Appellant then argues Doe was the sole witness testifying that appellant physically abused her and the jury had multiple reasons to doubt her credibility: she had performed prostitution, a crime of moral turpitude; she was a heavy drug user during the time appellant was her pimp; prior to trial, she made inconsistent statements about whether appellant physically abused her; and she admitted that she had falsely accused her grandmother of violence. Doe’s testimony about appellant’s physical abuse was corroborated by the text message exchange between her and appellant, when she asked him to “not beat my ass for the one time,” and by her documented injuries the following day when she ran away from appellant. Although her story was inconsistent over time, her initial statement to law enforcement was that appellant caused her injuries; moreover, appellant does not challenge the jury finding that appellant attempted to intimidate Doe into exonerating him. Finally, as appellant concedes, there was ample corroboration of her testimony that appellant was her pimp, and appellant suggests no reason why the jury would believe Doe’s testimony about pimping and pandering but disbelieve it as to appellant’s physical abuse.
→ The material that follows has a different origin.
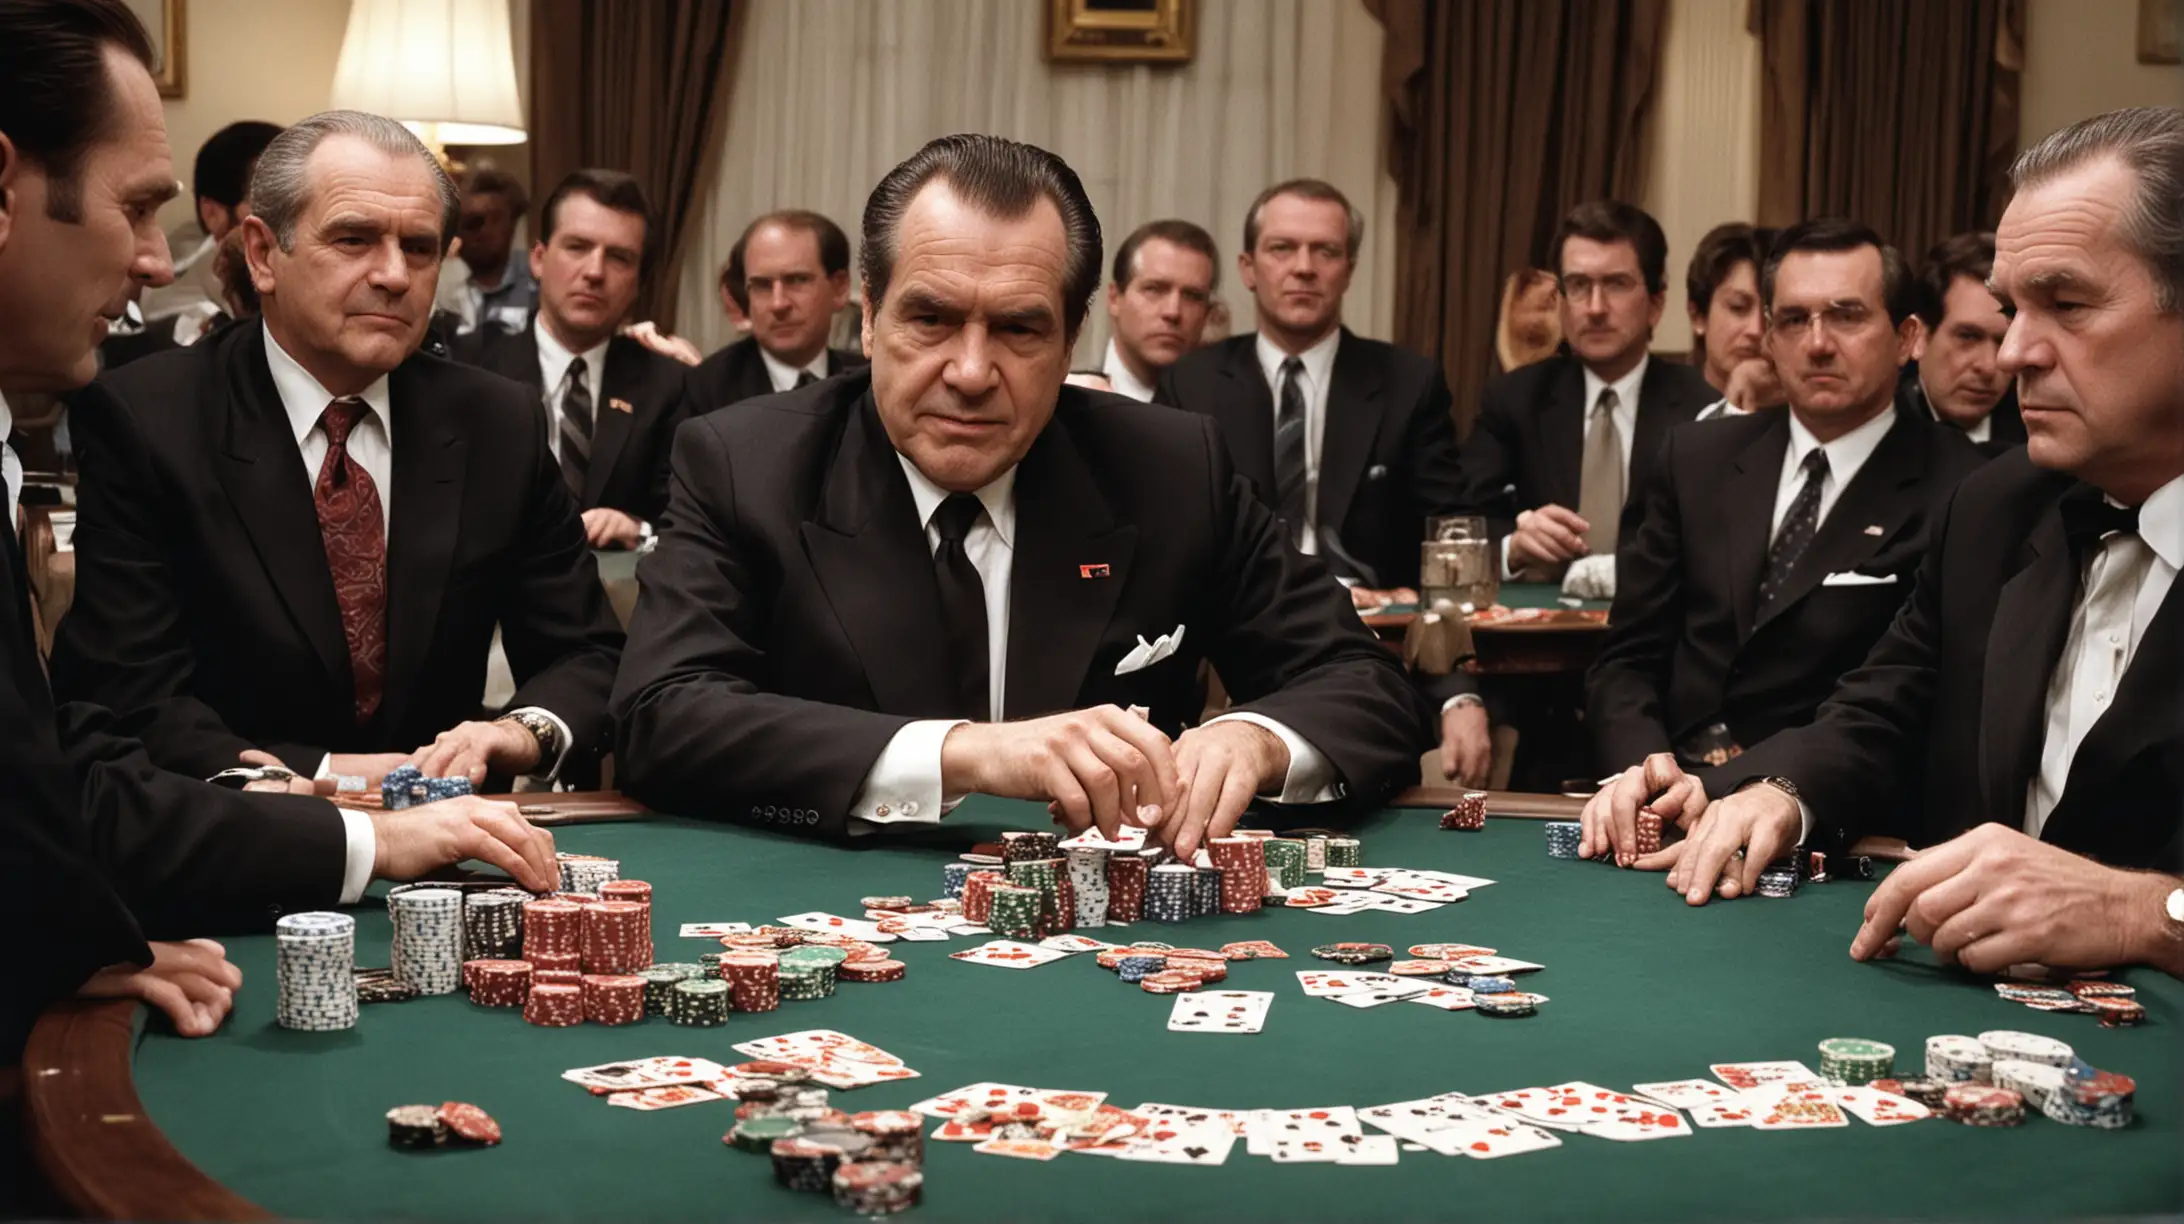 Richard Nixon Hosting Poker Nights at the White House

In sum, we see no reasonable probability that, had appellant’s trial counsel objected to the prosecutor’s statements during closing arguments, the verdict on the forcible human trafficking charge would have been more favorable to appellant.

DISPOSITION

The judgment is affirmed.

SIMONS, Acting P.J.

We concur.

NEEDHAM, J.

BRUINIERS, J.

(A152219)


[1] All undesignated section references are to the Penal Code.

[2] A hotel employee testified hotel records showed appellant rented a room for one night on December 6, 2015. However, appellant could have extended his stay after checking in without the hotel records reflecting the additional days. The hotel records also showed appellant had rented a room at the hotel 22 times between May 2015 and December 2015.

[3] Doe testified that, during the time appellant was her pimp, she lost her cell phone and borrowed his.

[4] Appellant’s phone contained text message exchanges with other females that were also consistent with a pimp/prostitute relationship.

[5] Section 236.1, subdivision (c)(2) provides: “(c) A person who causes, induces, or persuades, or attempts to cause, induce, or persuade, a person who is a minor at the time of commission of the offense to engage in a commercial sex act, with the intent to effect or maintain a violation of [various crimes, including pimping and pandering] is guilty of human trafficking. A violation of this subdivision is punishable by imprisonment in the state prison as follows: [¶] . . . [¶] (2) Fifteen years to life and a fine of not more than five hundred thousand dollars ($500,000) when the offense involves force, fear, fraud, deceit, coercion, violence, duress, menace, or threat of unlawful injury to the victim or to another person.”





Description Appellant Matthew Graves appeals his convictions for pimping a minor 16 years of age or older (Pen. Code, § 266h, subd. (b)(1)) and related charges. His sole challenge on appeal is prosecutorial misconduct during closing arguments. We affirm.